### [The problem]
Begin at the line that holds "Holdup Brand Charcoal" and copy each line exactly until the data below ends, including that last line but no pictures.

### [Recorded information]
= Beginning of Section =

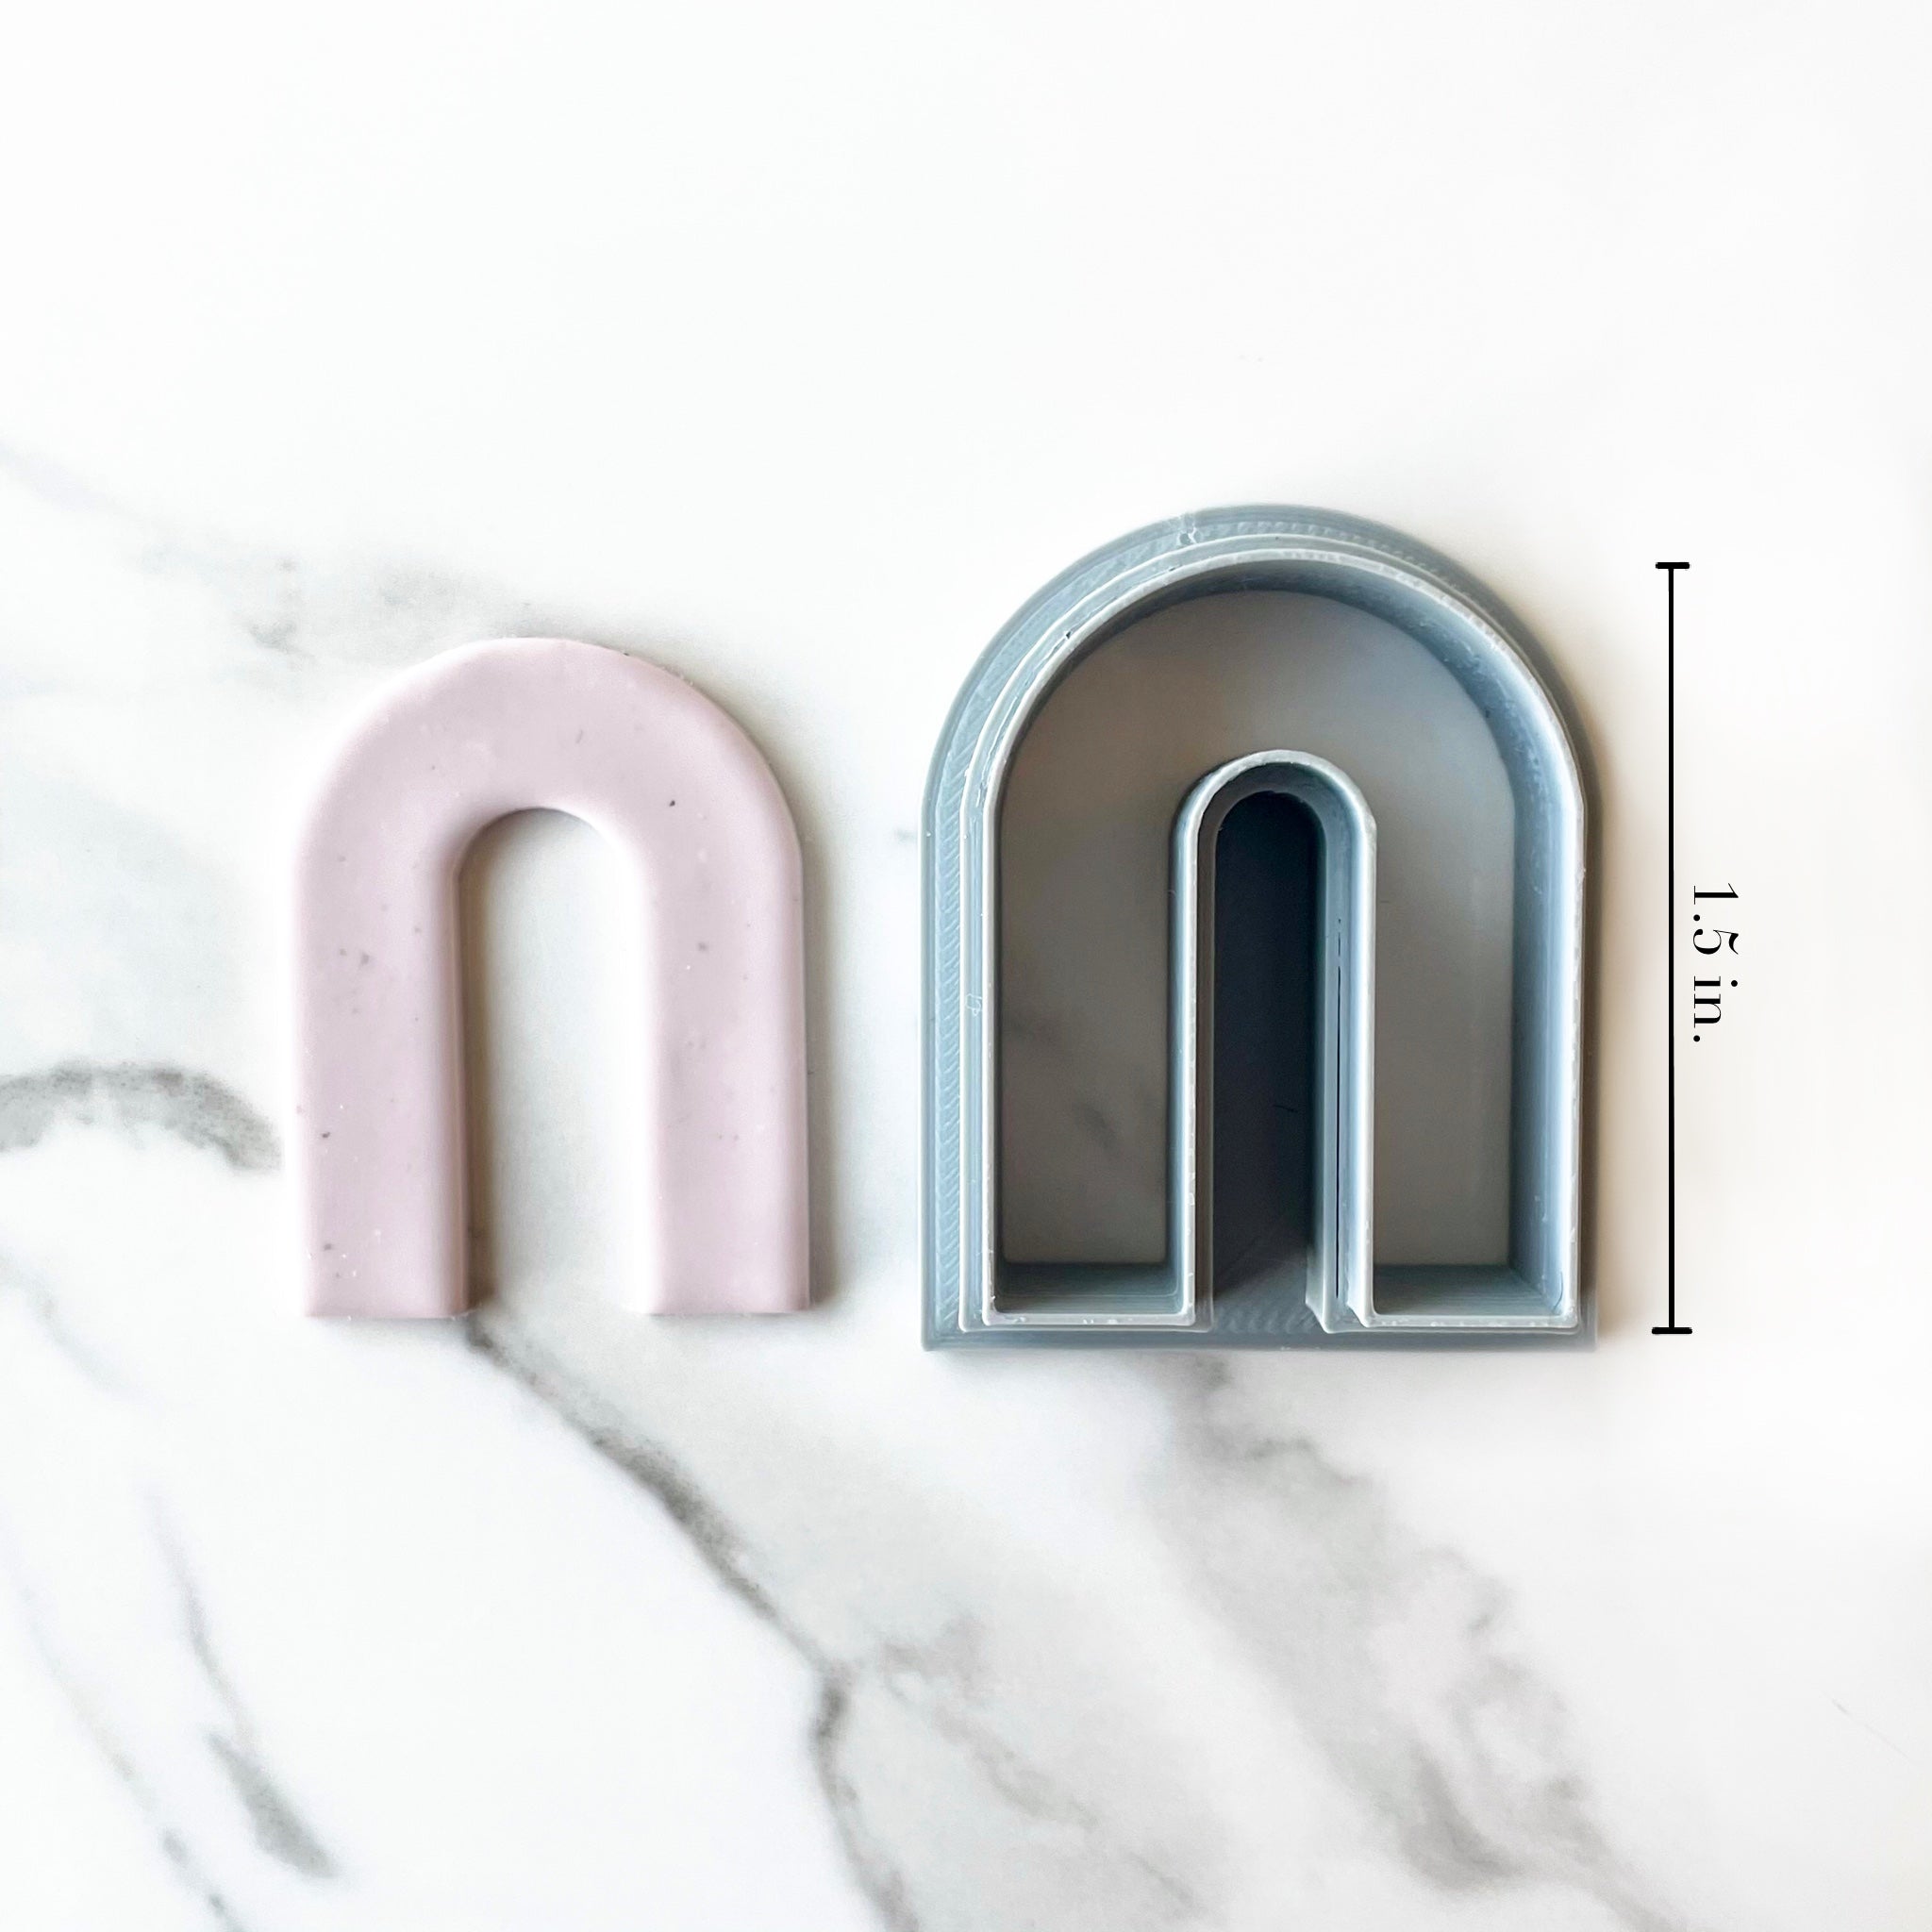 Polymer clay cutters - I've just launched my first range of cutters  designed especially for use with polymer clay, all with a 0.4mm cutting  edge and made from bioplastic. This is my
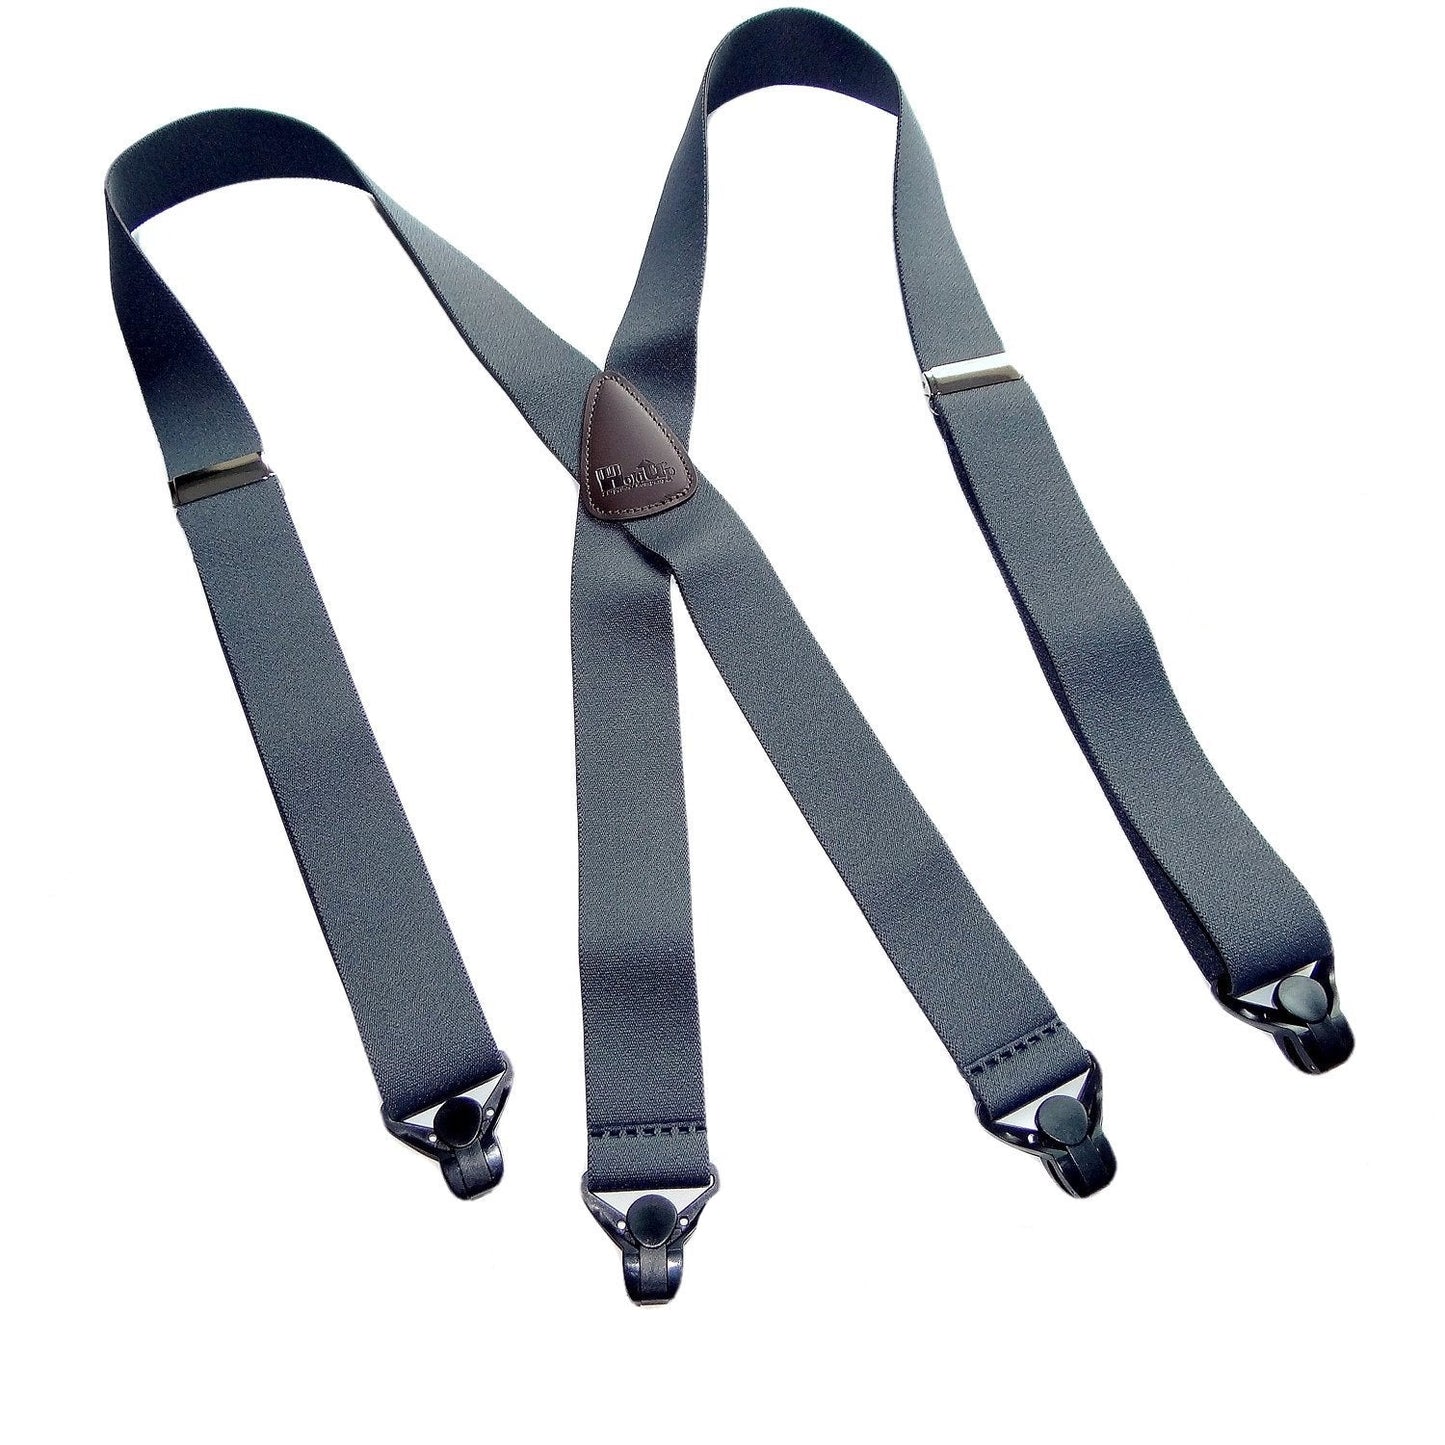 Holdup Brand Charcoal Grey X-back Classic Series Suspenders With Black Gripper Clasps
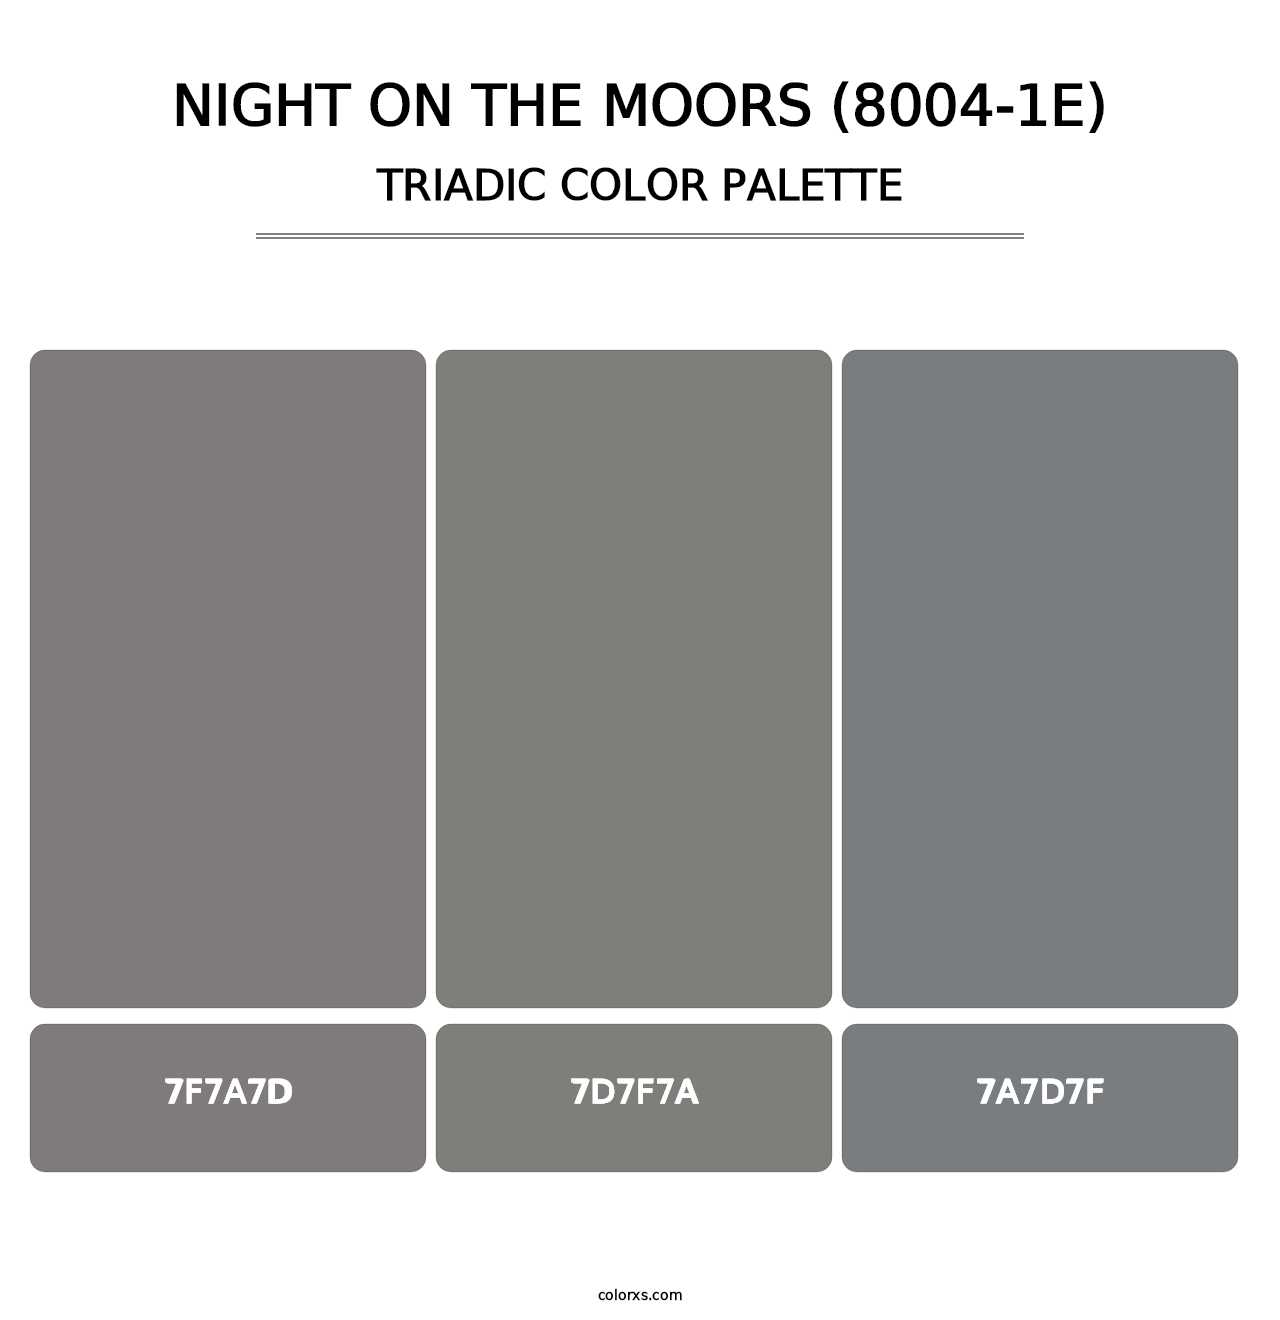 Night on the Moors (8004-1E) - Triadic Color Palette

= End of Section =

### [Solution to this problem]
 Holdup Brand Charcoal Grey X-back Classic Series Suspenders With Black Gripper Clasps
 Night on the Moors (8004-1E) - Triadic Color Palette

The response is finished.